What the task requires: Every line below must be reproduced exactly; no pictures are to be included.

Stored data:
= = = = = = =
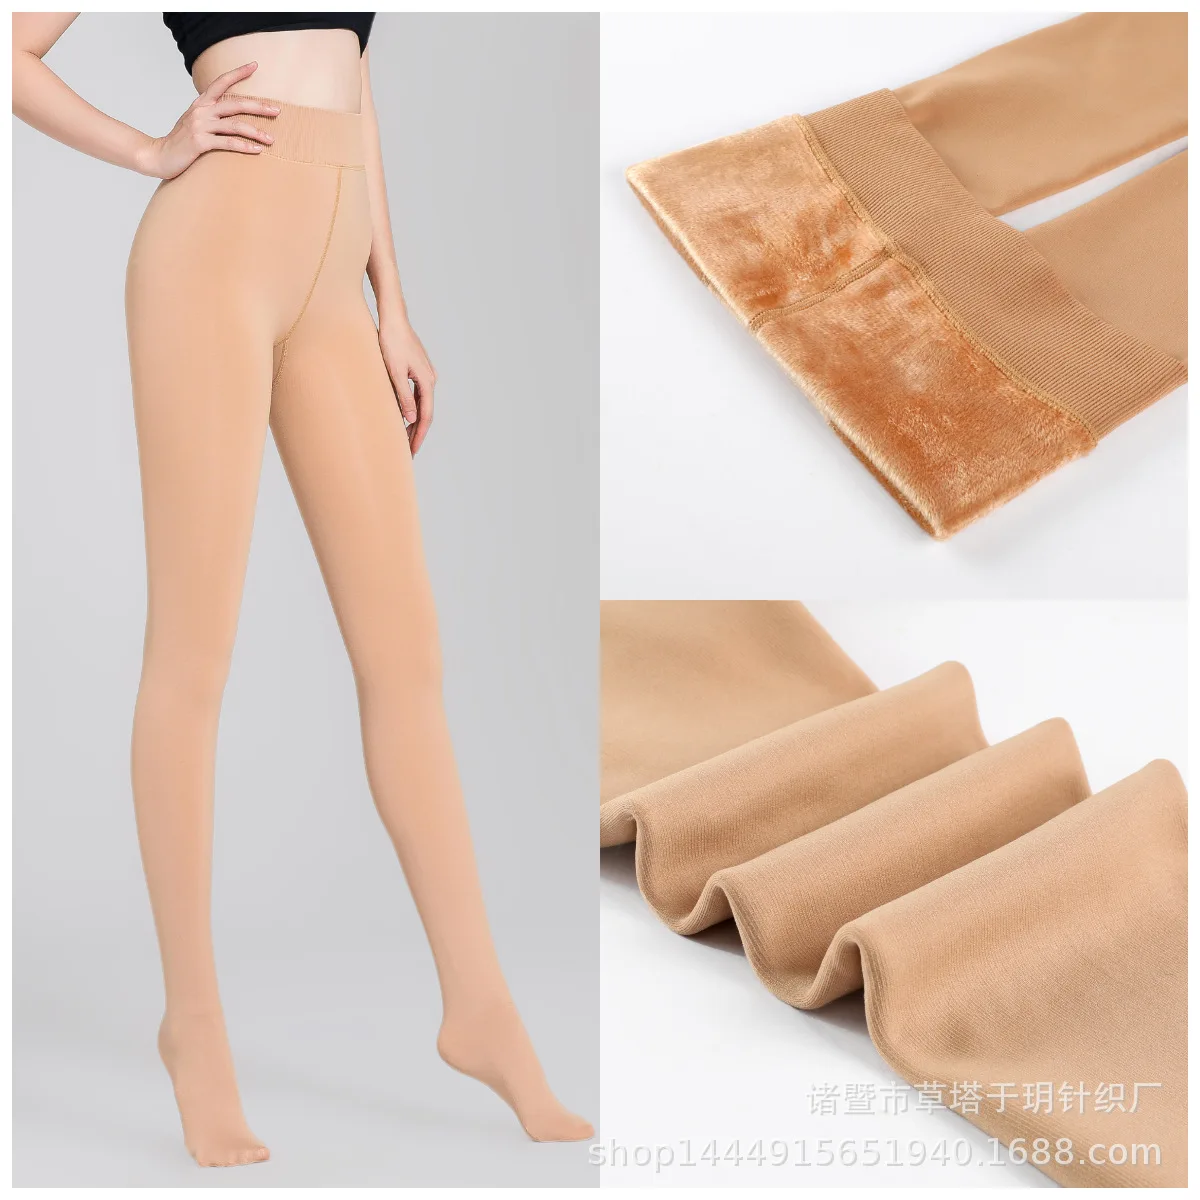 Autumn winter Women Leggings Light Leg PantyHose Velvet Thick Skin Color Stockings tights legging feminina thermal bottoms pants
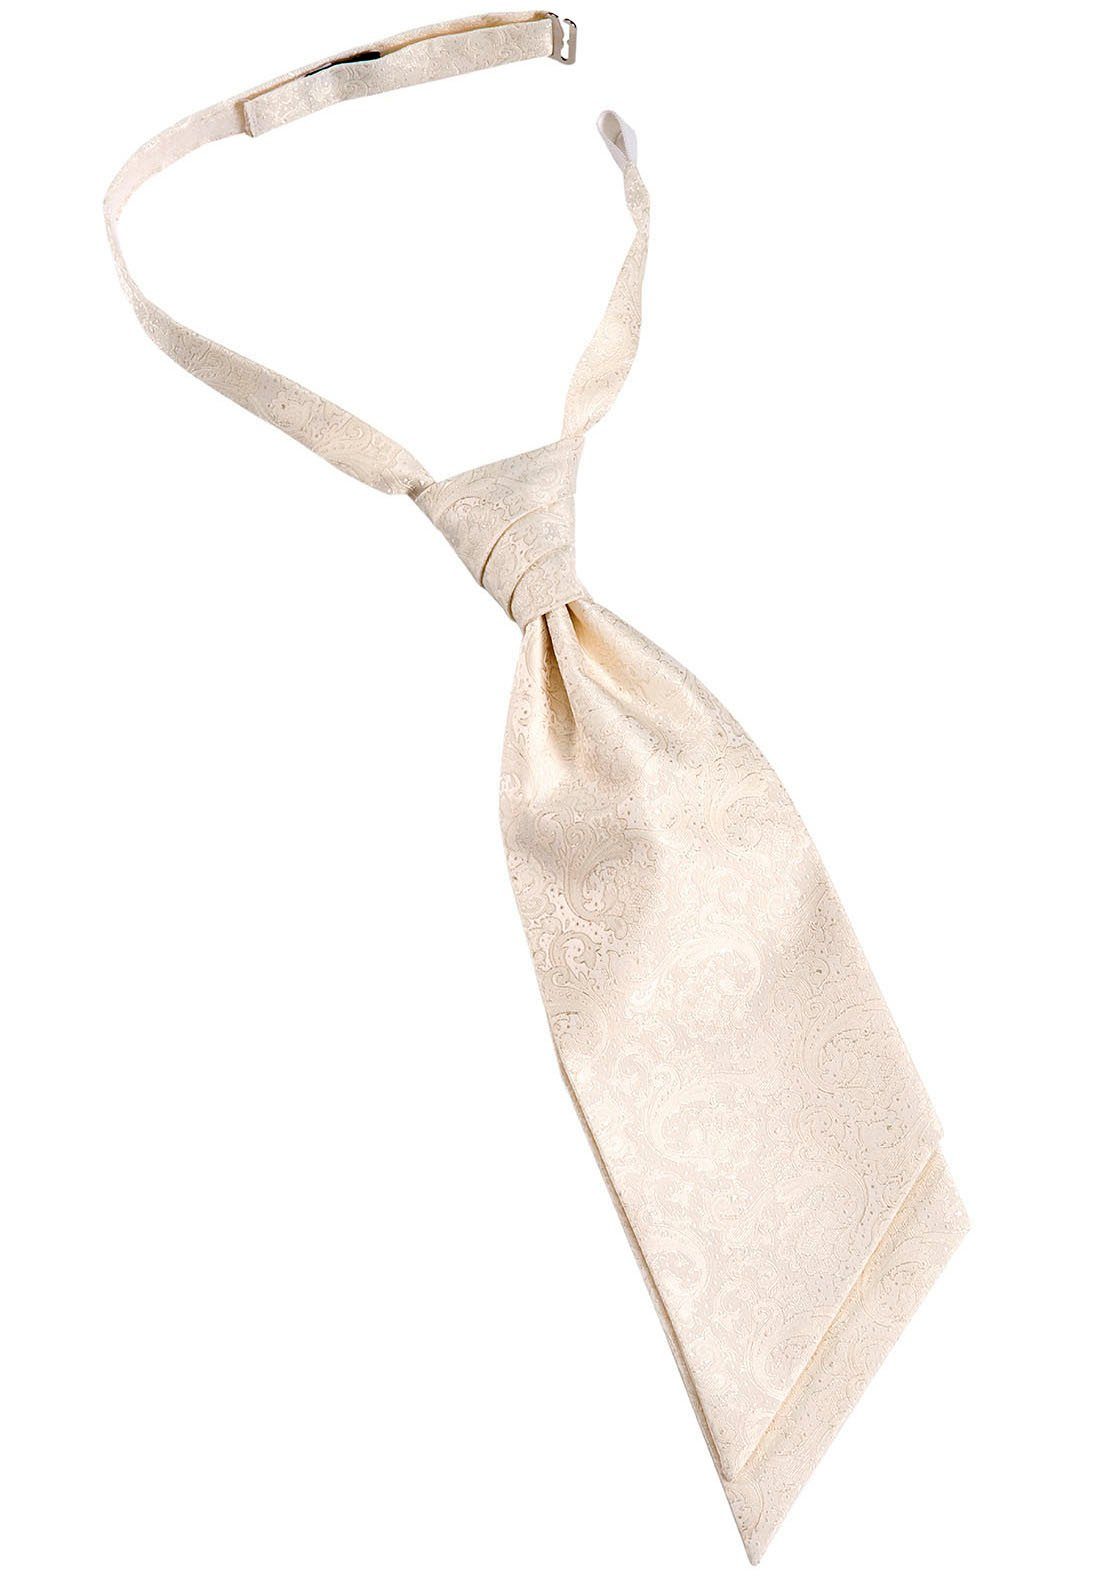 Qualität geht vor [berühmt] MONTI Krawatte champagner mit Hochzeits-Plastron, festlichem ALESSIO Paisley-Muster
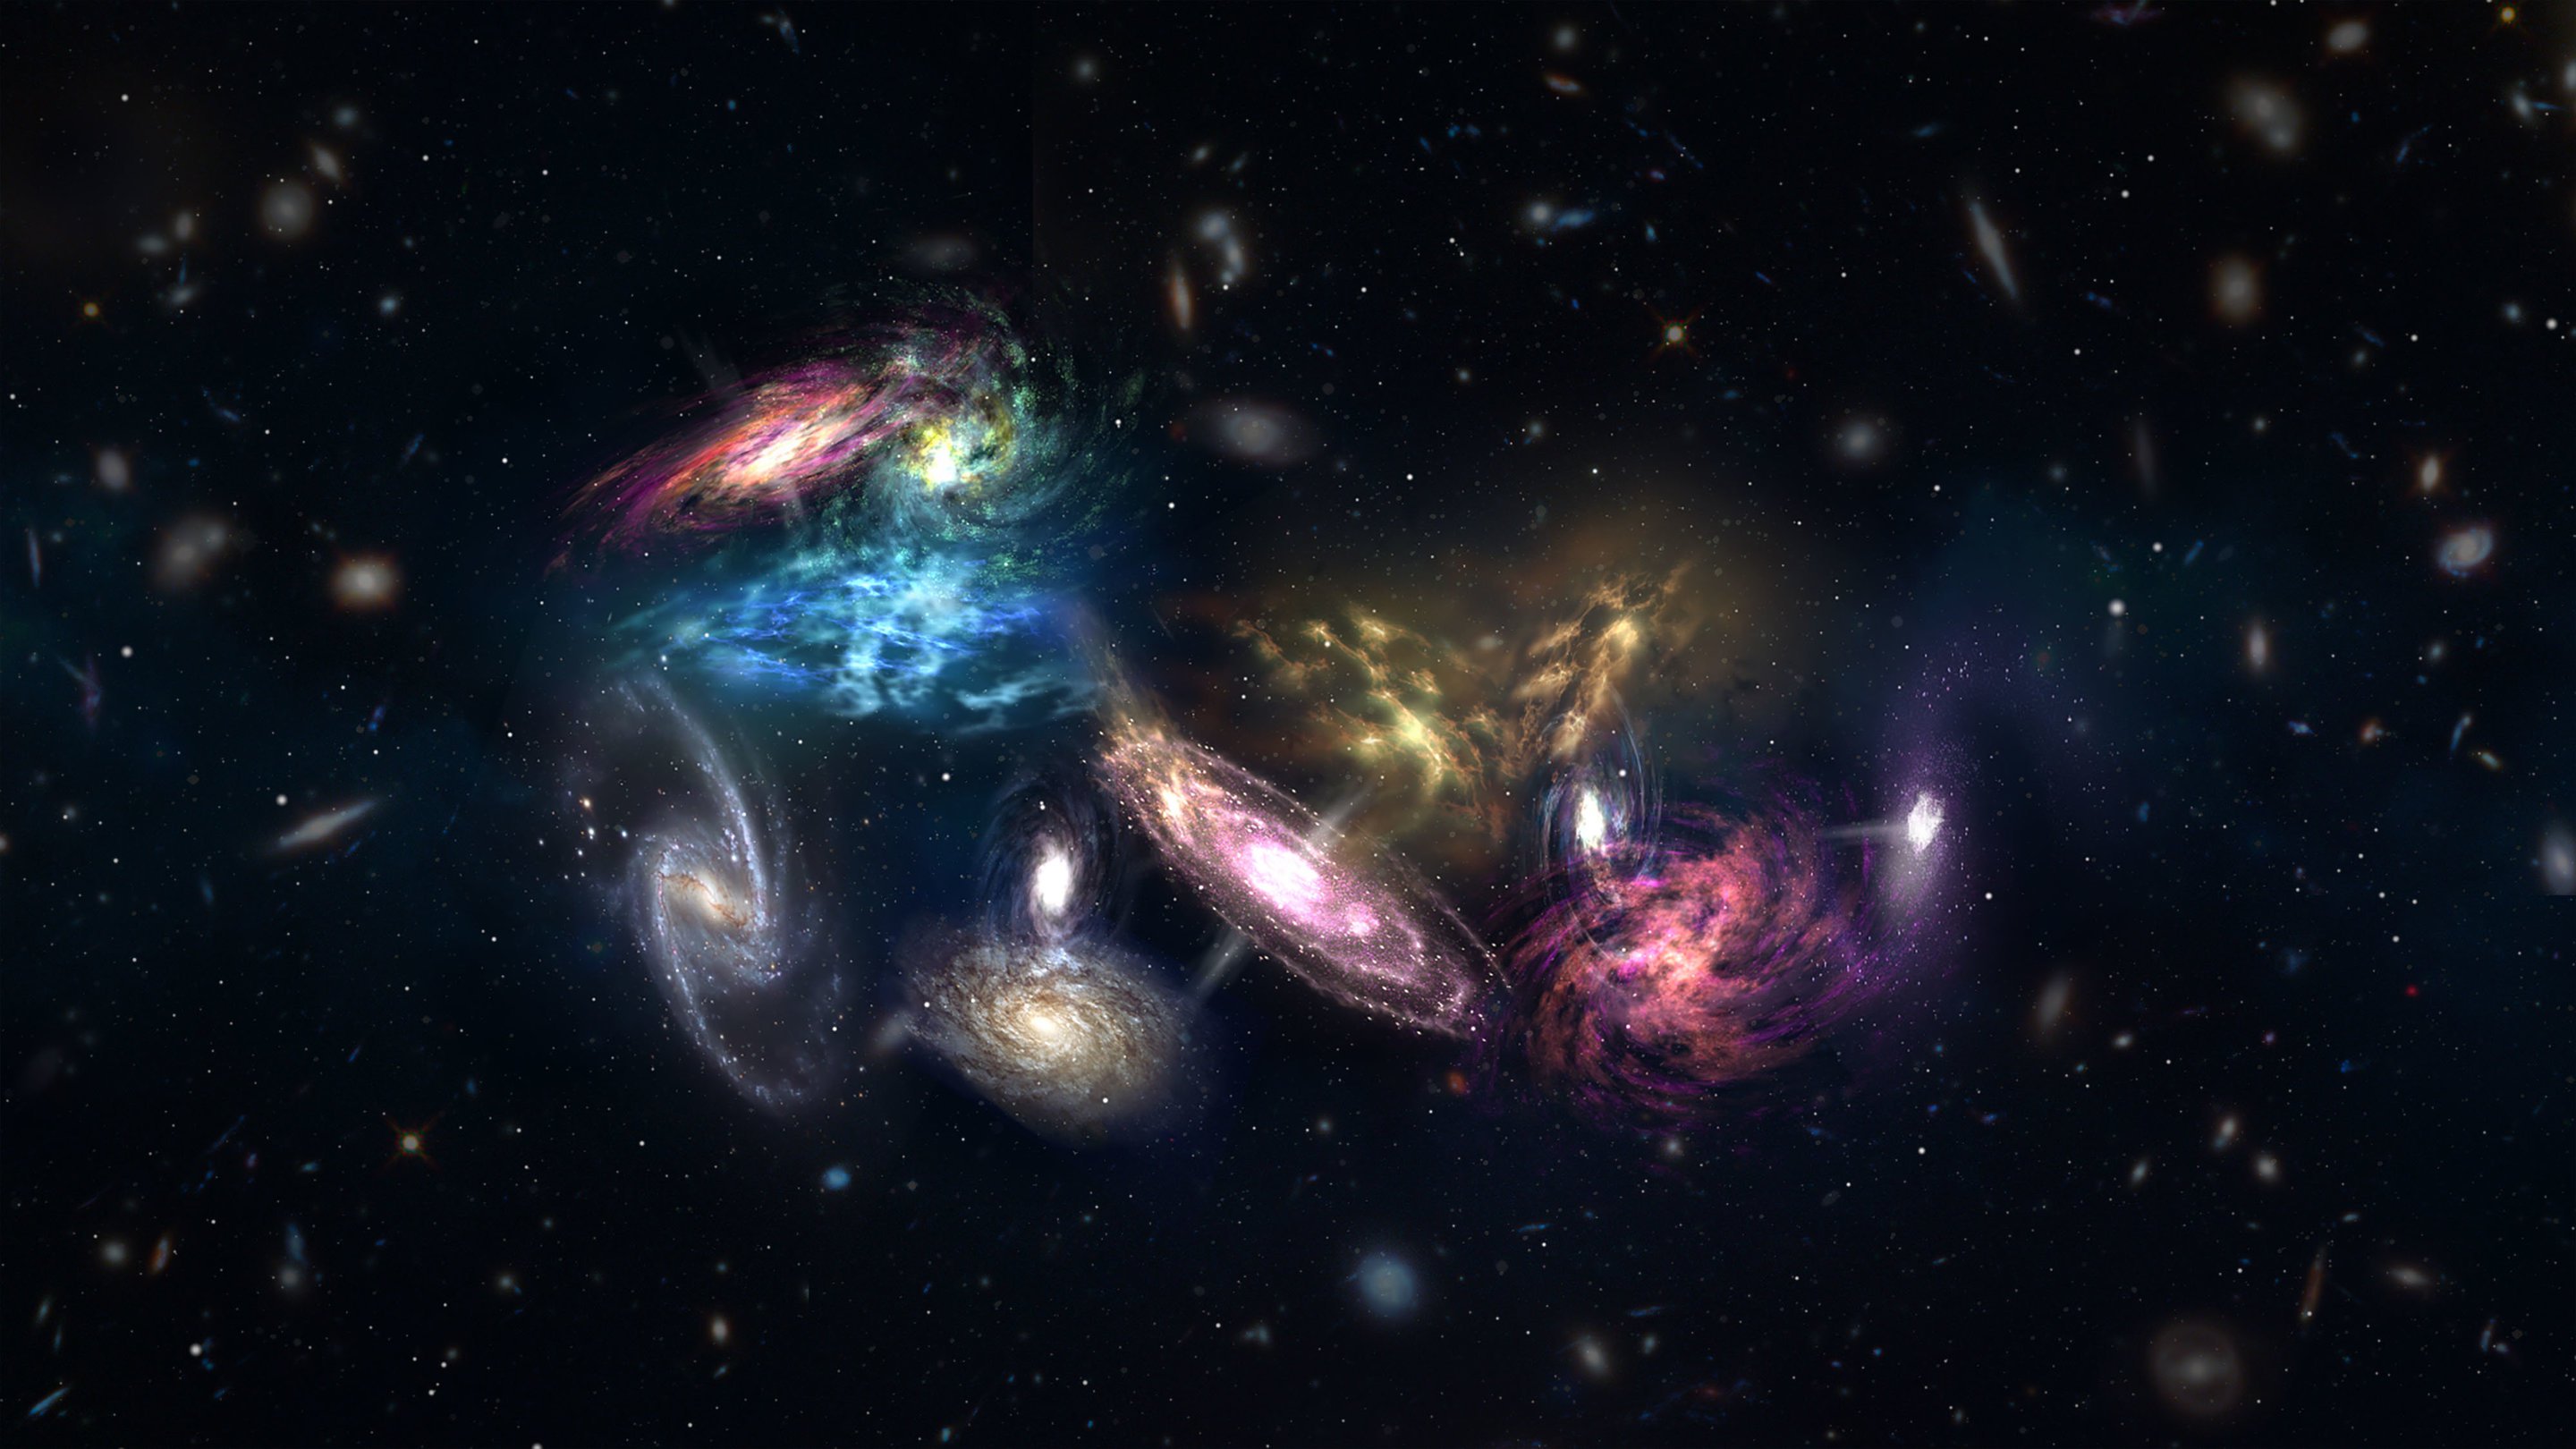 二つの銀河を見つけられませんでした暗黒物質です。 かがでしょうか。
= = = = = = =
The completed task:
 Autumn winter Women Leggings Light Leg PantyHose Velvet Thick Skin Color Stockings tights legging feminina thermal bottoms pants
 Qualität geht vor [berühmt] MONTI Krawatte champagner mit Hochzeits-Plastron, festlichem ALESSIO Paisley-Muster
 二つの銀河を見つけられませんでした暗黒物質です。 かがでしょうか。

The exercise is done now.